Je suis fol·le

Et j'ai mis du temps à l'accepter

Je suis fol·le. Je suis bipolaire type 2. Je suis traumatisé·e. Je suis dissocié·e. Je suis anorexique. Mon cerveau rentre pas bien dans les cases.

J’ai mis du temps à l’accepter. Parce qu’on n’en parlait pas dans ma famille. La psychothérapie c’était bon à finir drogué·e aux antidépresseurs et accroc et basta. Génération grands parents, les termes de troubles mentaux n’existent pas, tout ce qui touche au neurologique est tabou. L’épilepsie est “un petit problème nerveux”, la dépression “se soigne en allant marcher un peu chaque jour”, la bipolarité n’existe simplement pas. Alors ça n’existait pas chez moi non plus. Ça ne me venait même pas à l’idée.

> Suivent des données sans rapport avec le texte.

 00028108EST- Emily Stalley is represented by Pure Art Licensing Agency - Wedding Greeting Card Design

A 13 ans, première fois de ma vie que je suis seul·e dans la maison et je prends un couteau et commence à l’appuyer sur mes veines. Mais non, tout va bien. Cette fois-ci je n’ai rien fait finalement, raccroché·e à la réalité par ma relation à ma meilleure amie. J’ai 13 ans et je fais une dépression sévère. J’ai déjà des troubles du comportement alimentaire naissants. Mais de tout ça je n’en parle à personne parce que à être si tabou ça me semblait être normal. Bon, quand même j’ai prévenu deux personnes que ça n’allait pas du tout, mais non, sinon, j’étais normal·e. Le pire c’est que quelque part j’étais normal·e, la dépression à cet âge n’est pas si rare.

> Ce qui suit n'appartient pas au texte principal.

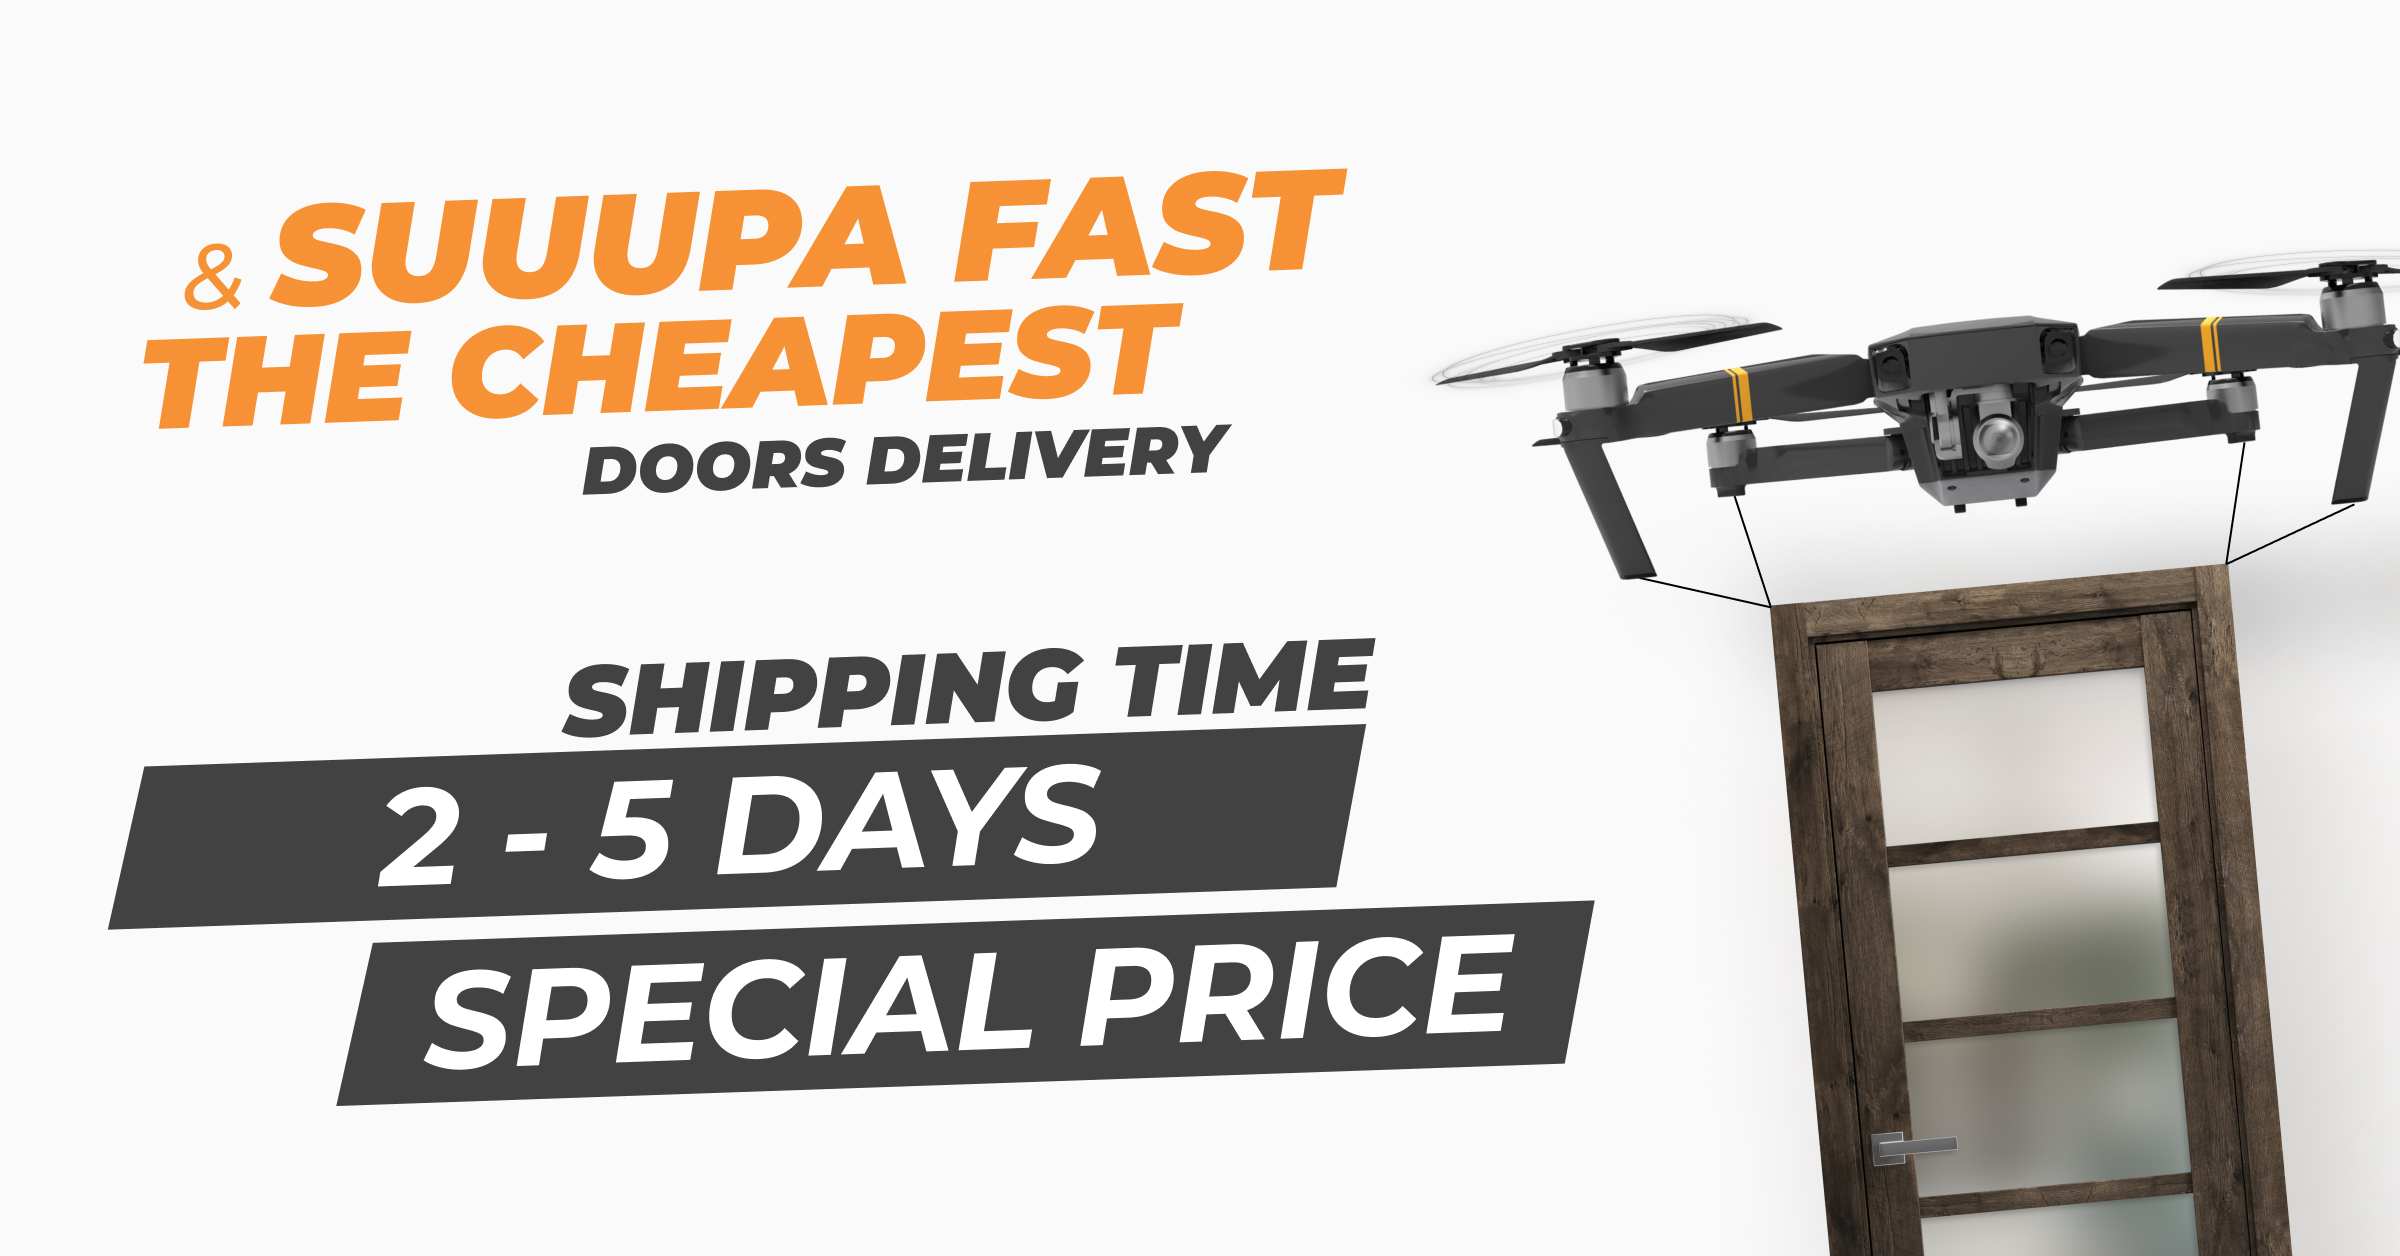 SUUUPA FAST & THE CHEAPEST

Quand, en seconde j’ai disons fait passer le message à mes parents que je faisais de l’anorexie mentale, c’était faux. L’infirmière était une abrutie finie, et non, je n’irai pas à ce rdv qui m’aurait permis une prise en charge par des gens qui connaissent les Troubles du Comportement Alimentaire, les fameux TCA.

Quand, à mes 19 ans, j’explose les scores des quiz sur la dépression, je n’utilise toujours pas le mot pour moi. D’ailleurs je suis même incapable de dire “Je vais mal.”. Incapable. Et je suis tombé·e de haut, j’ai réalisé “ça fait au moins 6 ans”. Et ce n’était que le début des réalisations. A l’époque je n’ai pas encore faire ma première phase hypomaniaque, à l’époque “je” ne comprenais pas que j’étais composante d’un système d’alters qui dissocient leurs émotions entre elleux.

Et j’ai mis du temps à accepter, chaque fois. Parce que chaque fois j’ai l’impression qu’on me rajoute un rock sur le dos et qu’on s’attende à ce que j’aille aussi vite que tout le monde. Aujourd’hui, je galère à accepter le mot handicapé. Pourtant même l’état reconnait que je le suis.

Ne pas parler santé mentale ça aurait pu me tuer, à 13 ans. Ce n’est pas sensé être un tabou, ni “un truc à accepter”. C’est réel et c’est là, alors à présent, cherchons nous les outils pour travailler avec ça. Et n’ayons pas honte : ça n’a jamais été un choix.